Beautiful, honest and not to watch if you're depressed.
This film carries the same spirit and almost the same story as "Nobody Knows" (Daremo Shiranai) by Hirokazu Kore-Eda. It is truthfully told without resorting to feel-good plot twists, and earns its laughs and tears honestly. If anything, it continually points the viewer to the underlying rottenness of anything or anybody superficially attractive. Children's laughter is stained either with cruelty, substance abuse or deep sorrow. The adults are either mean and domineering, self-absorbed, or kind but powerless to help. There's only an ineffectual hint of adult protectiveness of a throw-away child, and even the police respond with annoyance rather than genuine concern for the welfare of the 11-year-old boy who is at the center of this story.
Unlike other reviewers, I don't think this movie is too pretty. It's mostly dark and grimy. Even scenes at the water's edge and in the woods are dotted with refuse, which the kid harvests for useful items and things he can sell. I got the sense that any residual beauty that this child perceives is what keeps him from committing suicide or joining the other lost boys getting high on inhalants. His ambition is to be a poet. I took the visuals to be his poet's-eye view of his hard-scrabble life.

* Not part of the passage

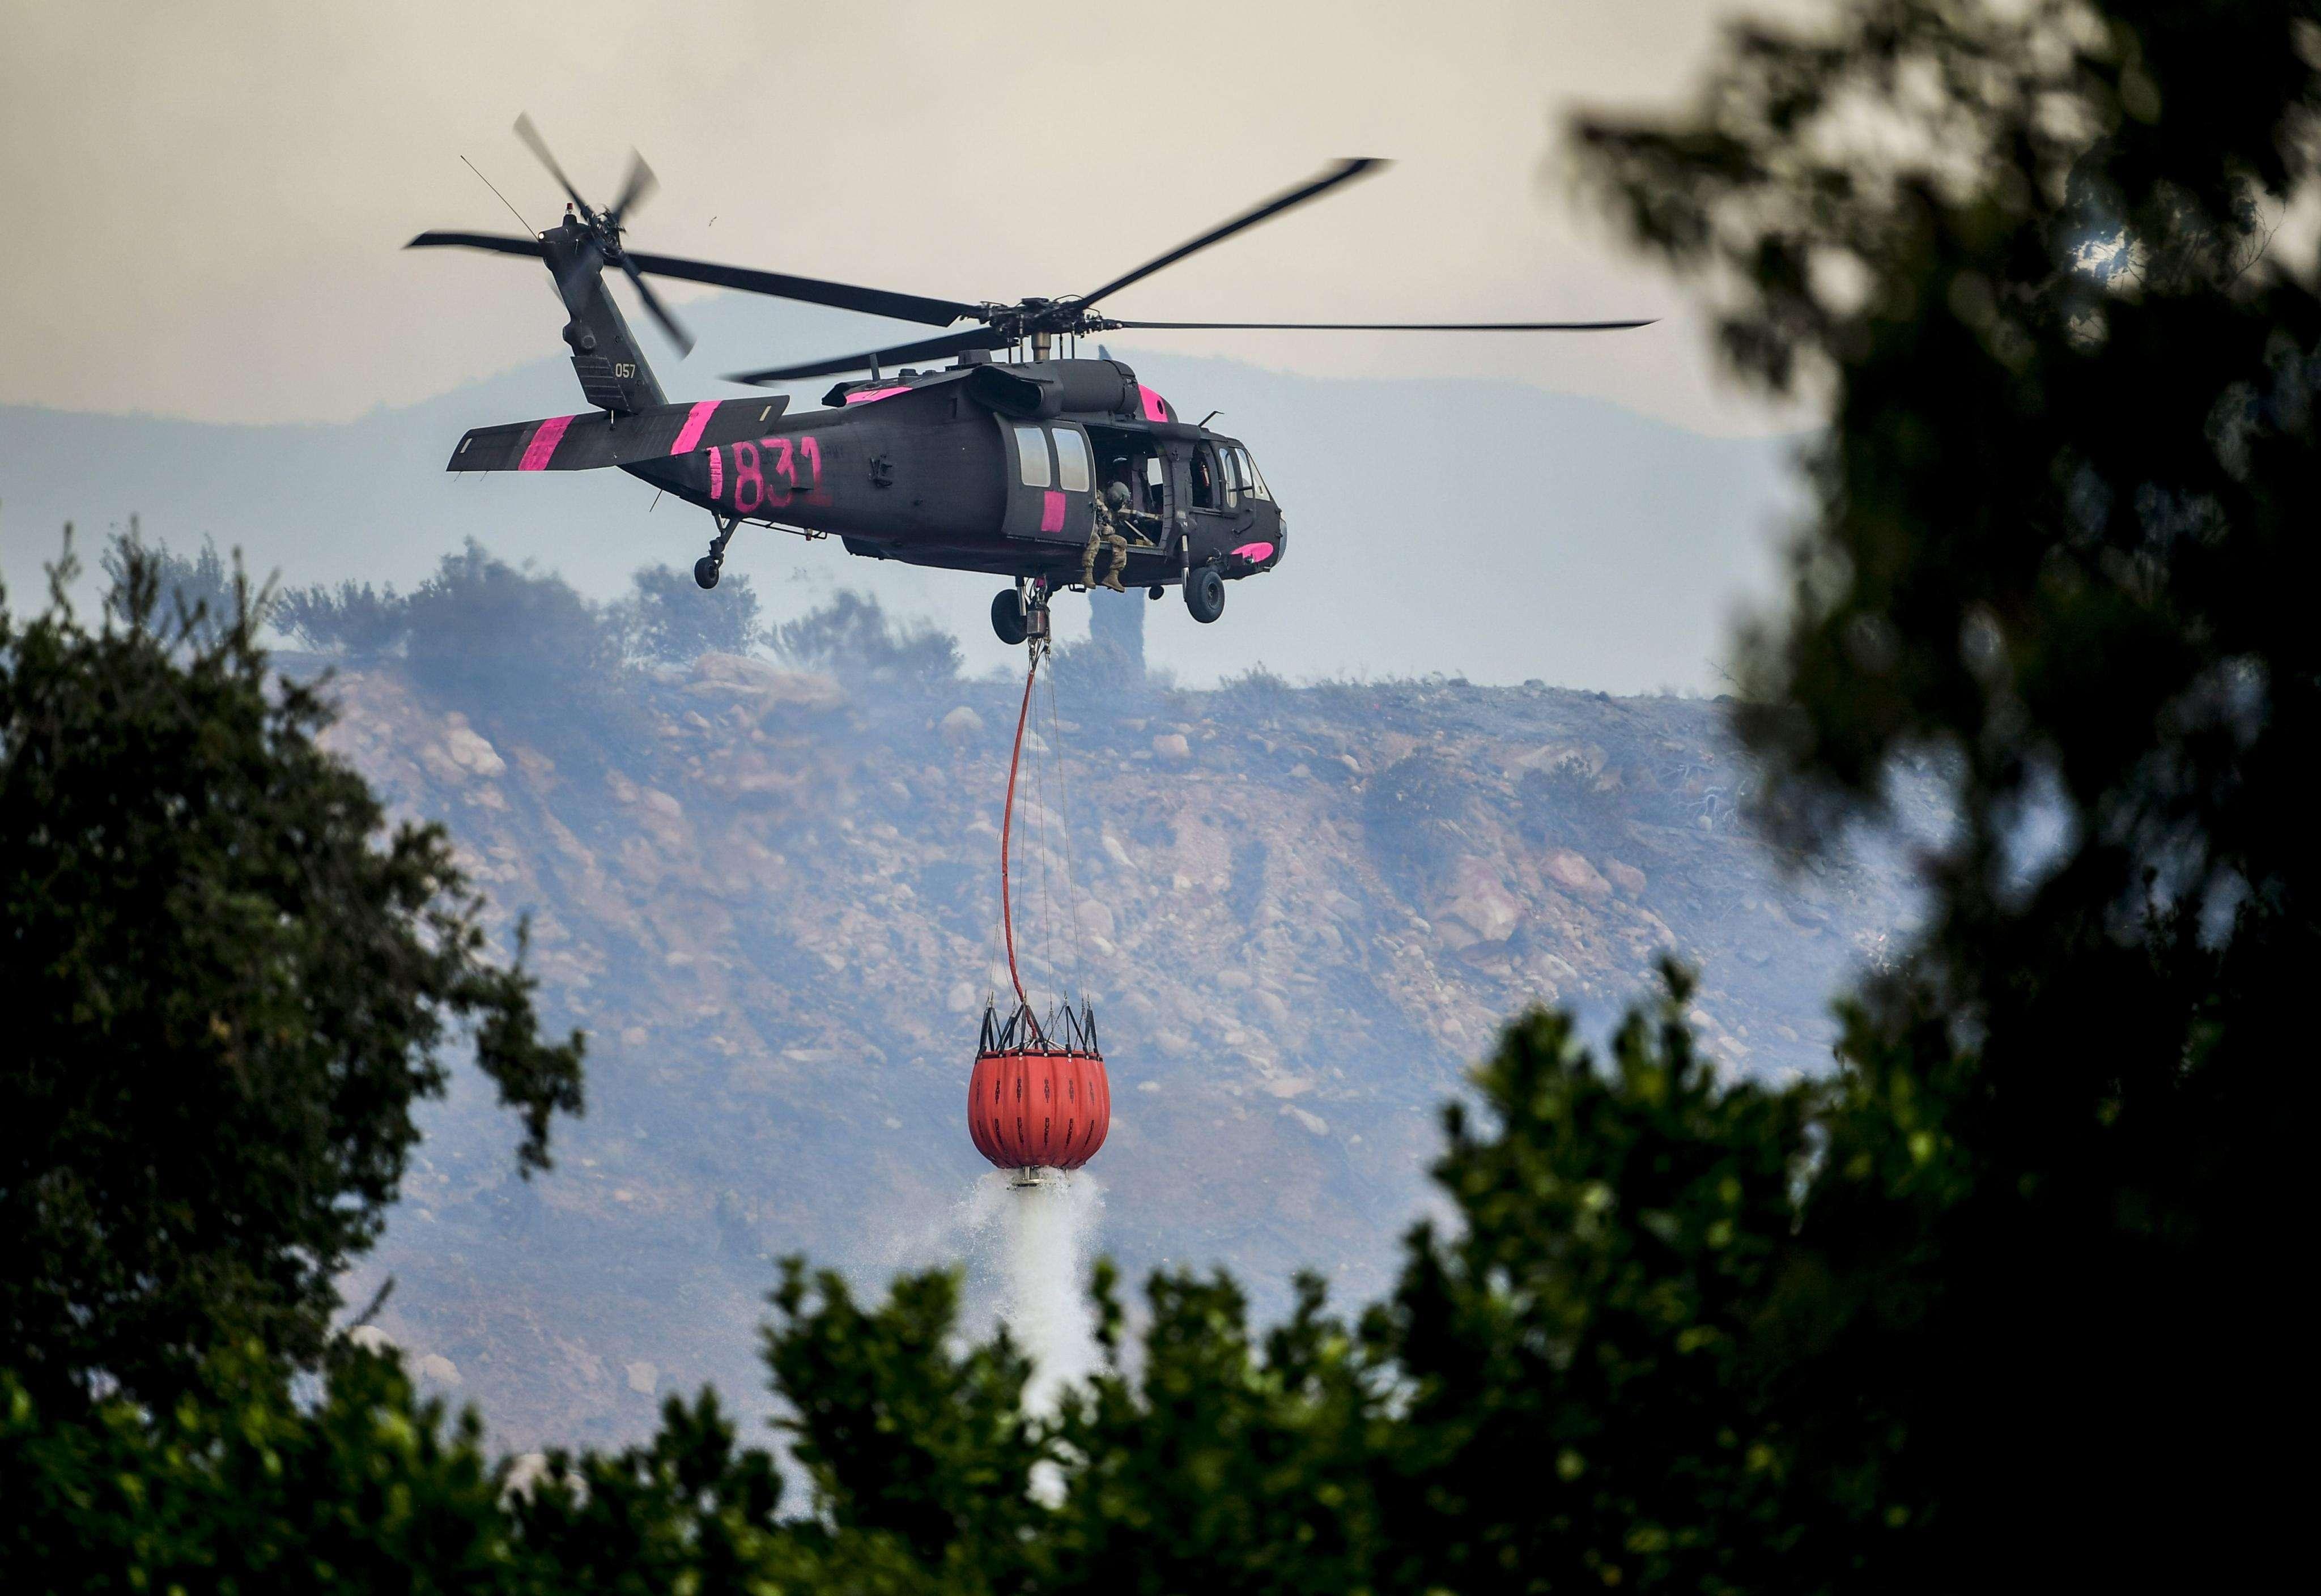 Solo en la zona del norte del condado de San Diego, el fuego ha quemado más de 1.000 hectáreas, derribado una veintena de estructuras y dejado, al menos, dos heridos.
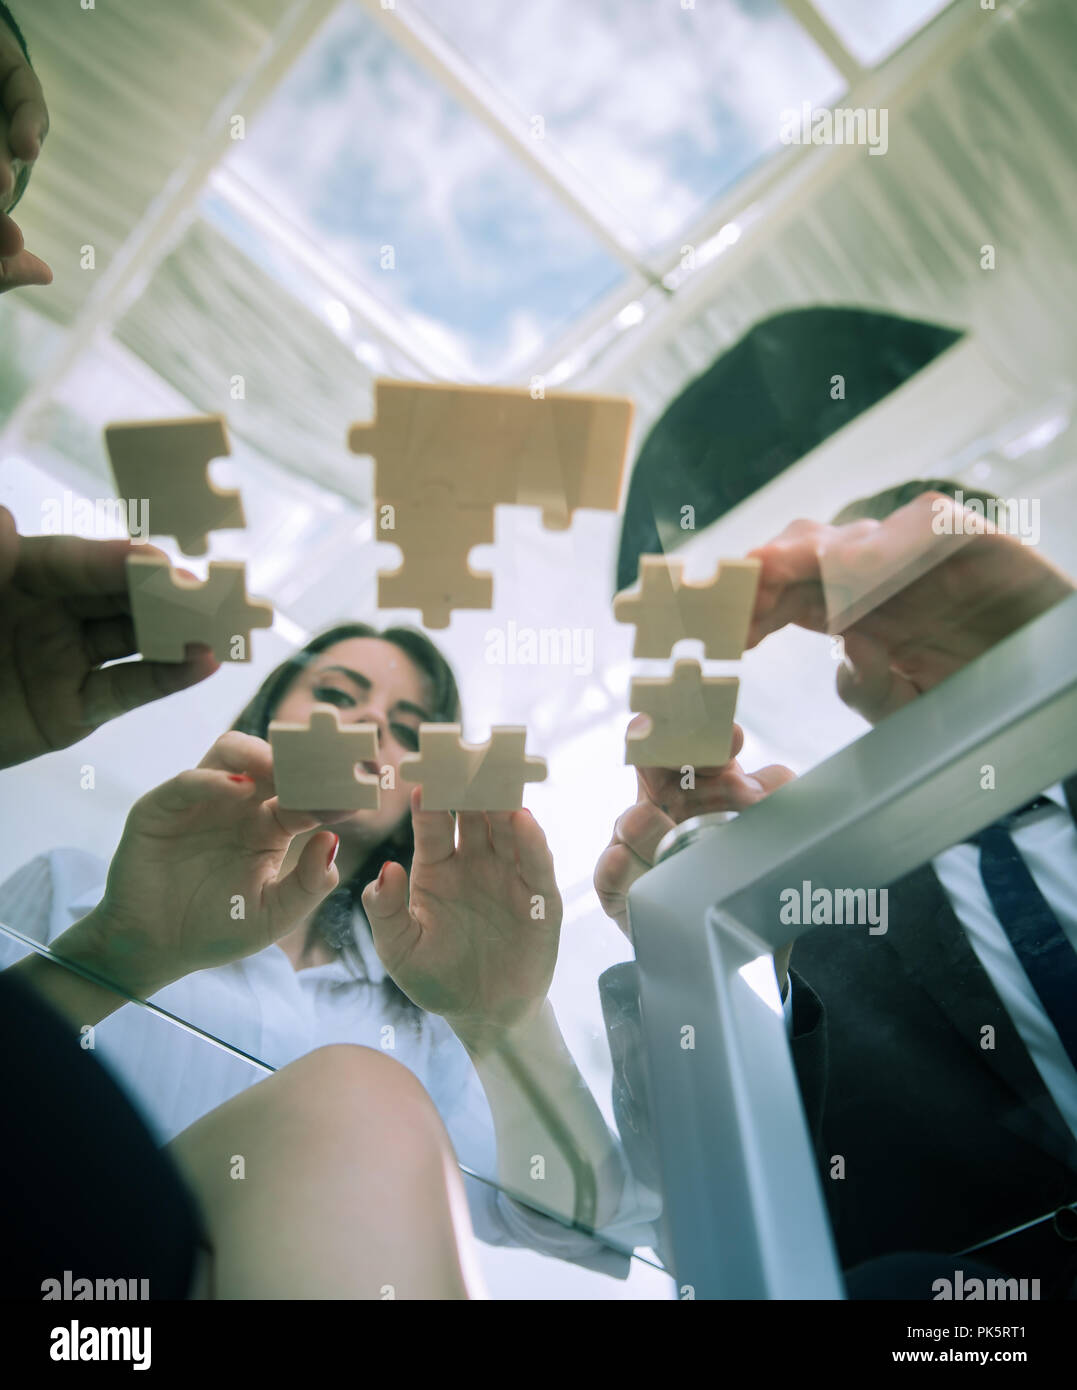 Vista inferior. equipo empresarial plegado de las piezas del rompecabezas. . Imagen De Stock

He's Pinocchio made flesh with no Geppetto or Jiminy Cricket in sight. As with the kids in "Nobody Knows," his ultimate fate remains un-foretold. Both movies left me in tears. I was surprised to see this aired on MHz Worldview's excellent film series, "For the Family." I wouldn't let children watch this without a trusted adult also watching. In that sense, it is a family movie, not boob-tube babysitting fare.